** Collected material **
Segment Open

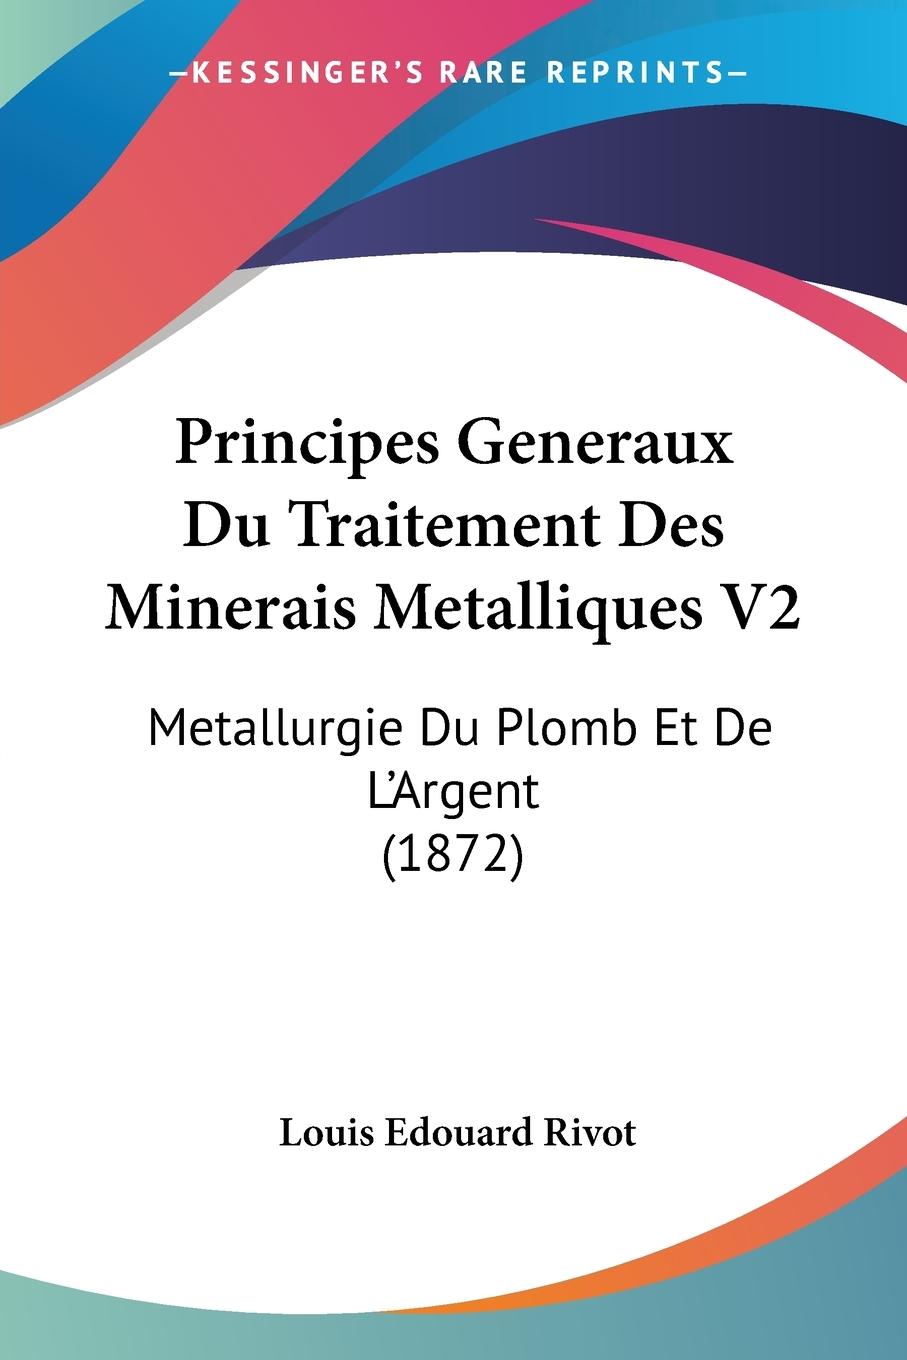 Principes Generaux Du Traitement Des Minerais Metalliques V2 - Rivot, Louis Edouard
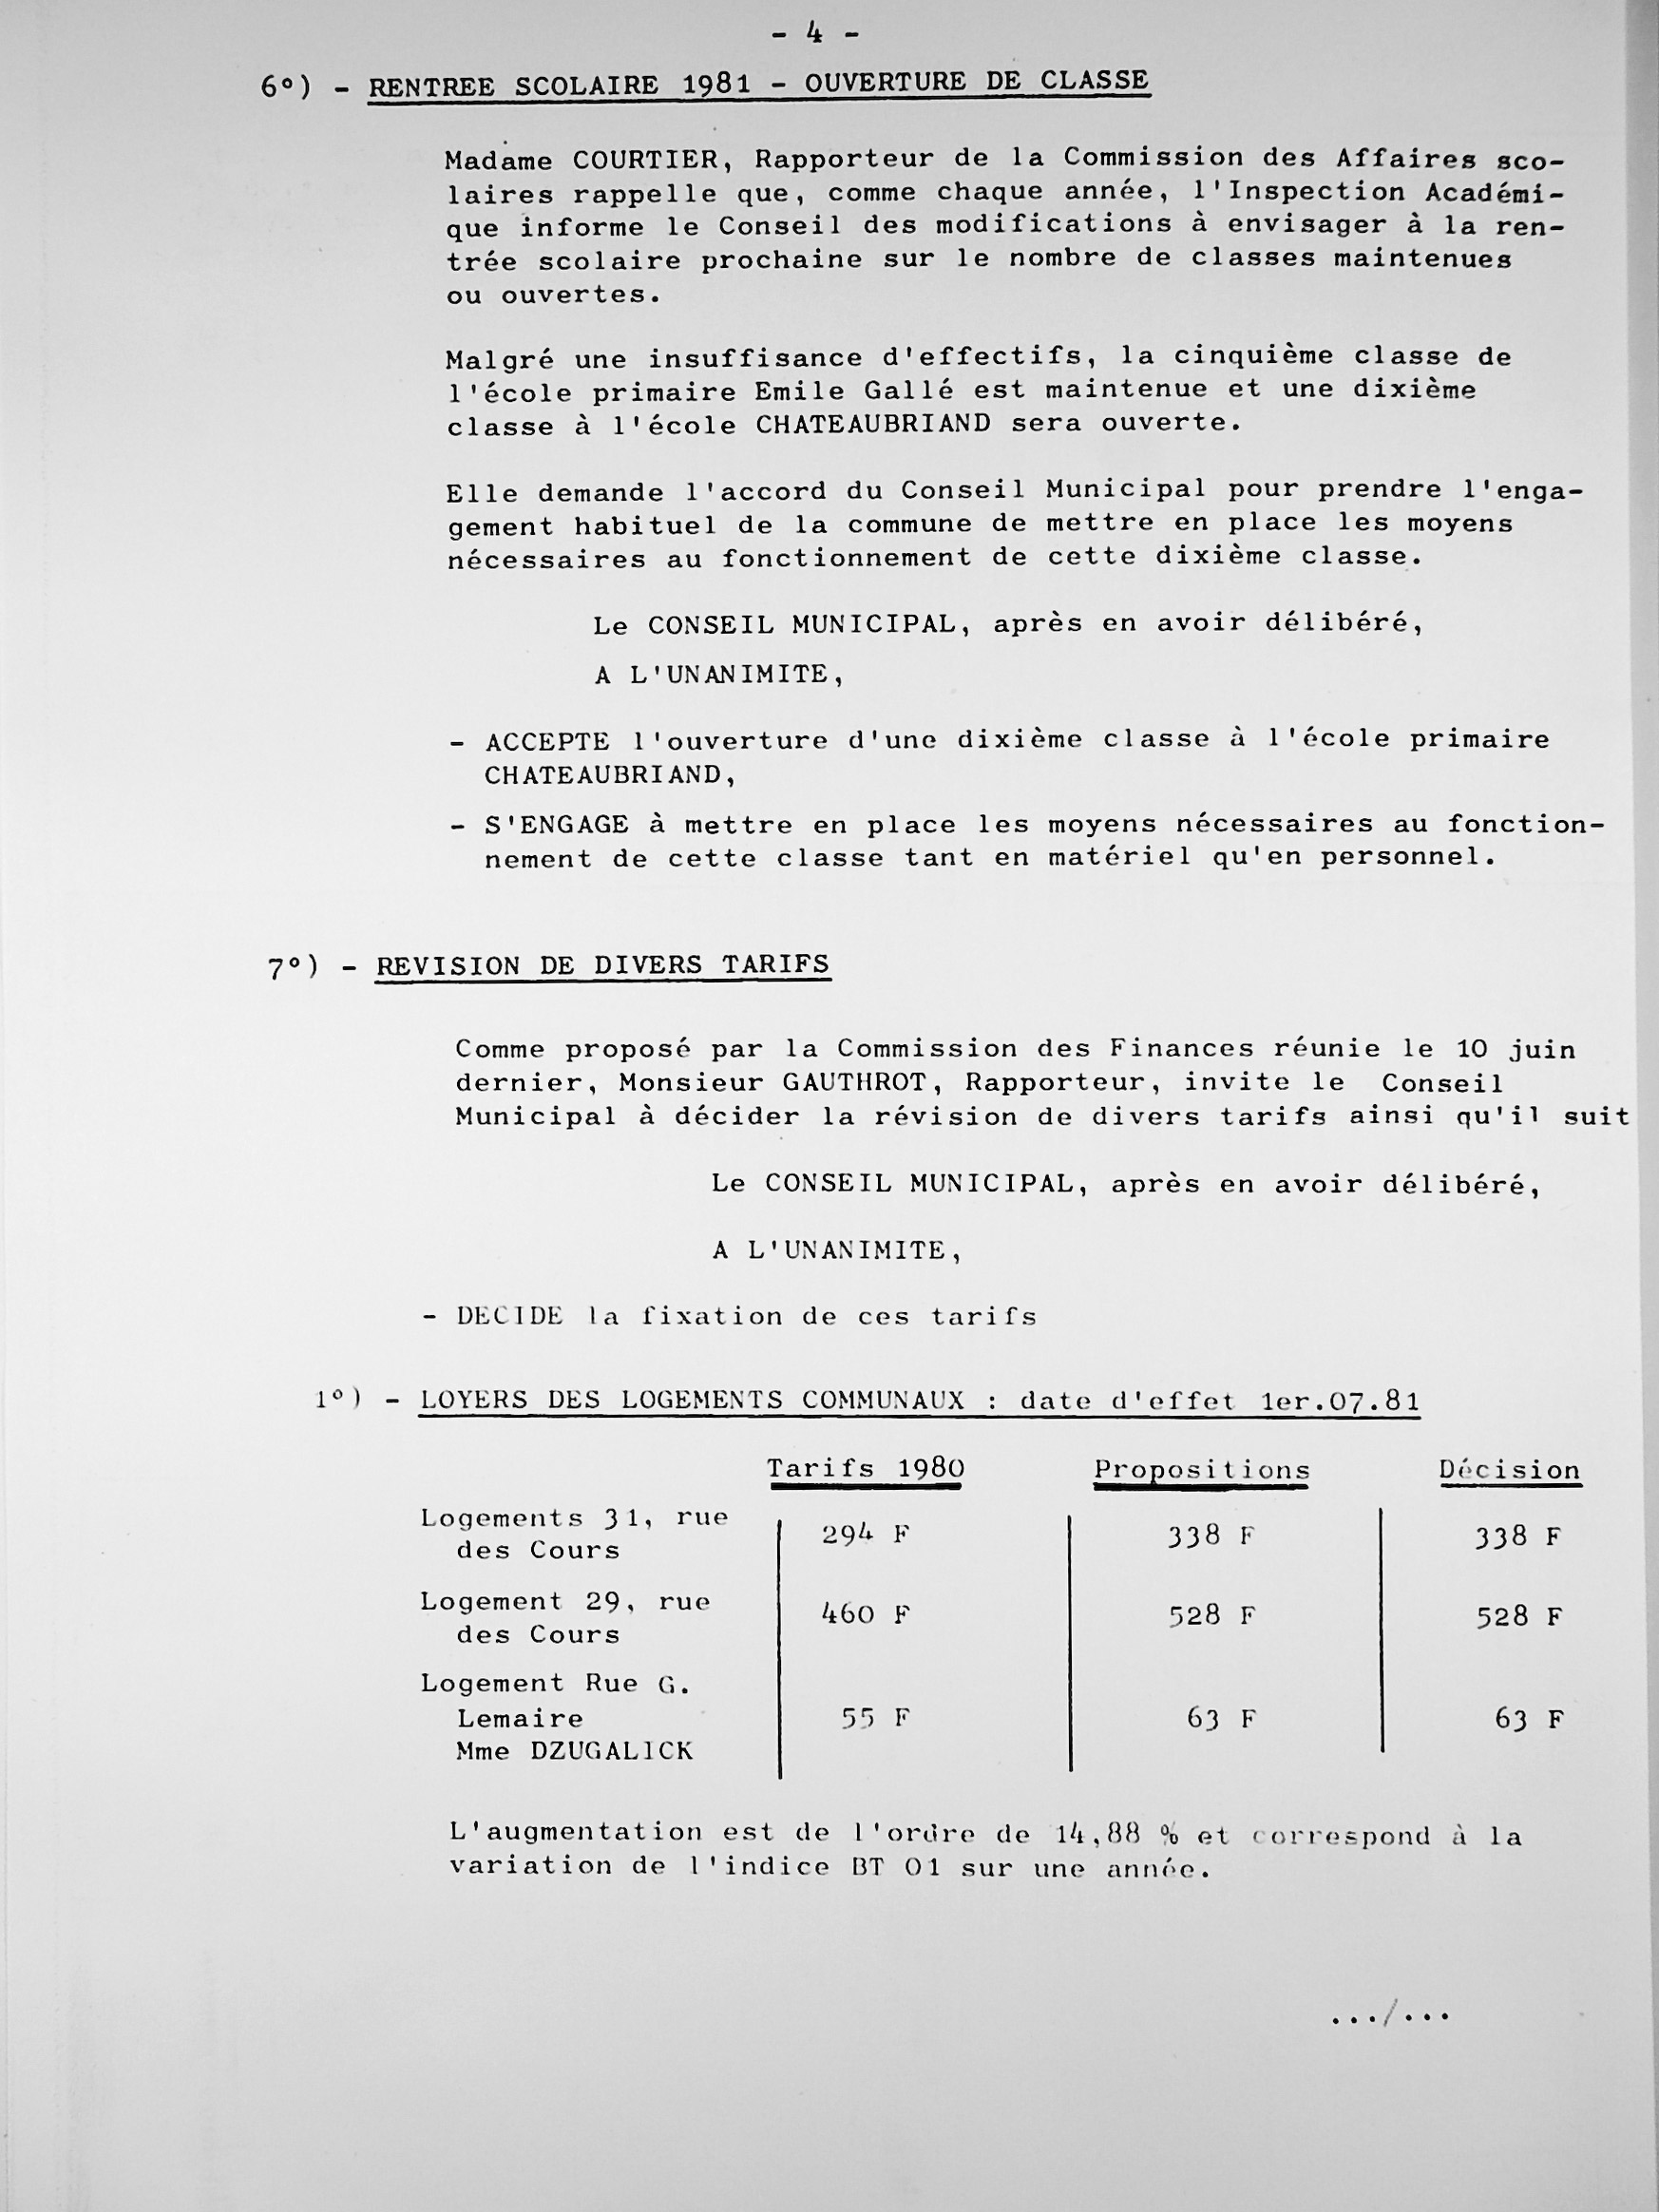 Feuillet_040B-1980-1983.jpg
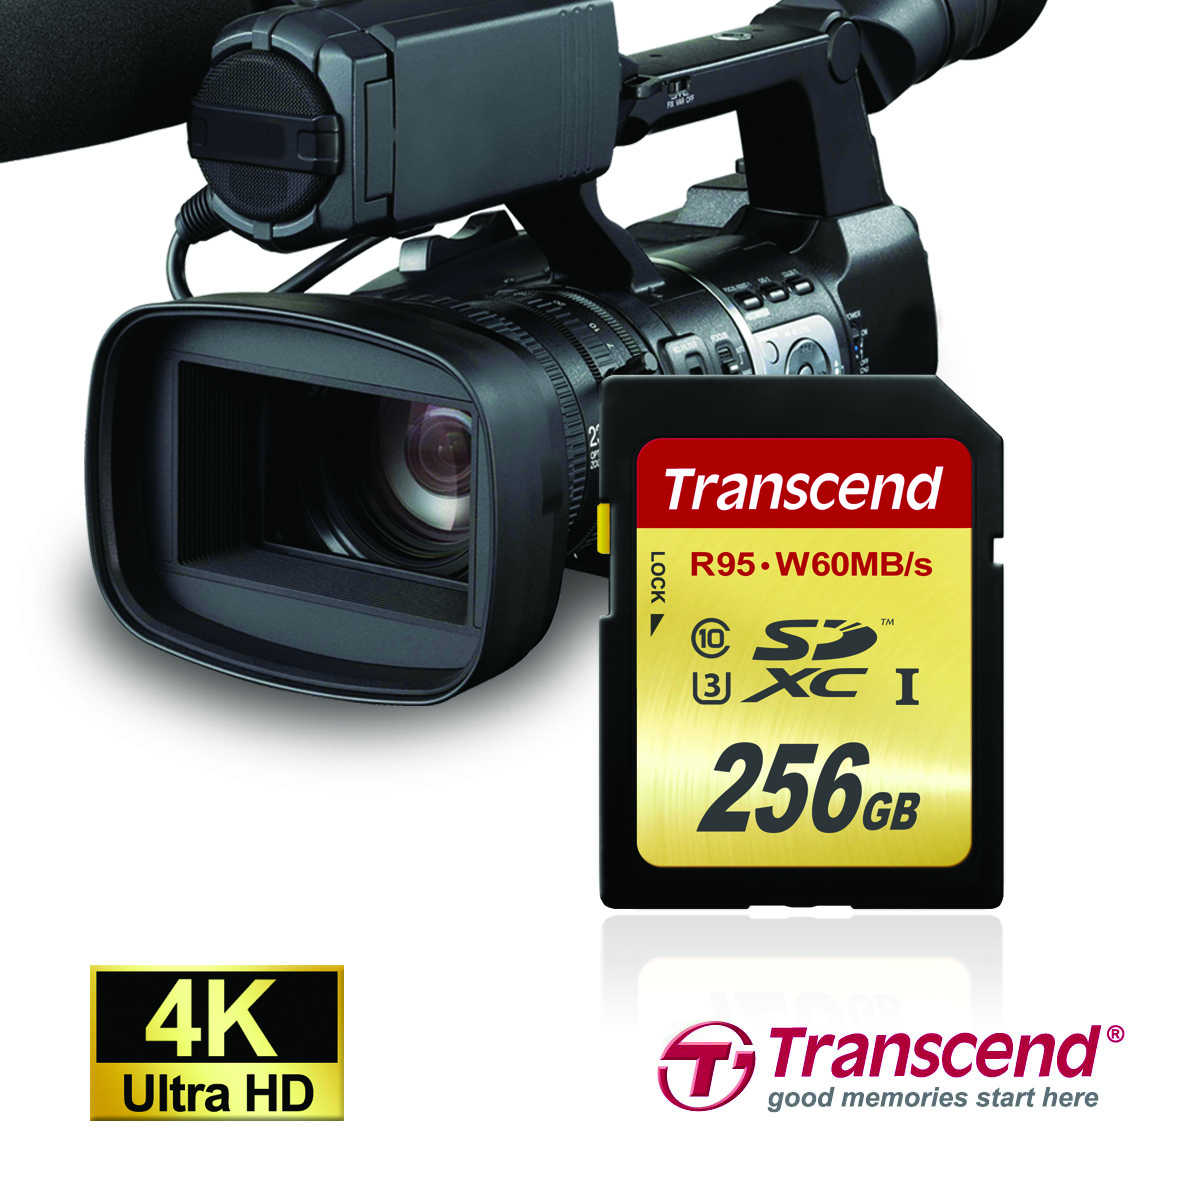 Transcend-PR-2015-01-20-SDXC-U3-256G

Segment Closed

** What the task asks **
Give the listing again exactly, minus its images.

** Reply **
 Principes Generaux Du Traitement Des Minerais Metalliques V2 - Rivot, Louis Edouard
 Feuillet_040B-1980-1983.jpg
 Transcend-PR-2015-01-20-SDXC-U3-256G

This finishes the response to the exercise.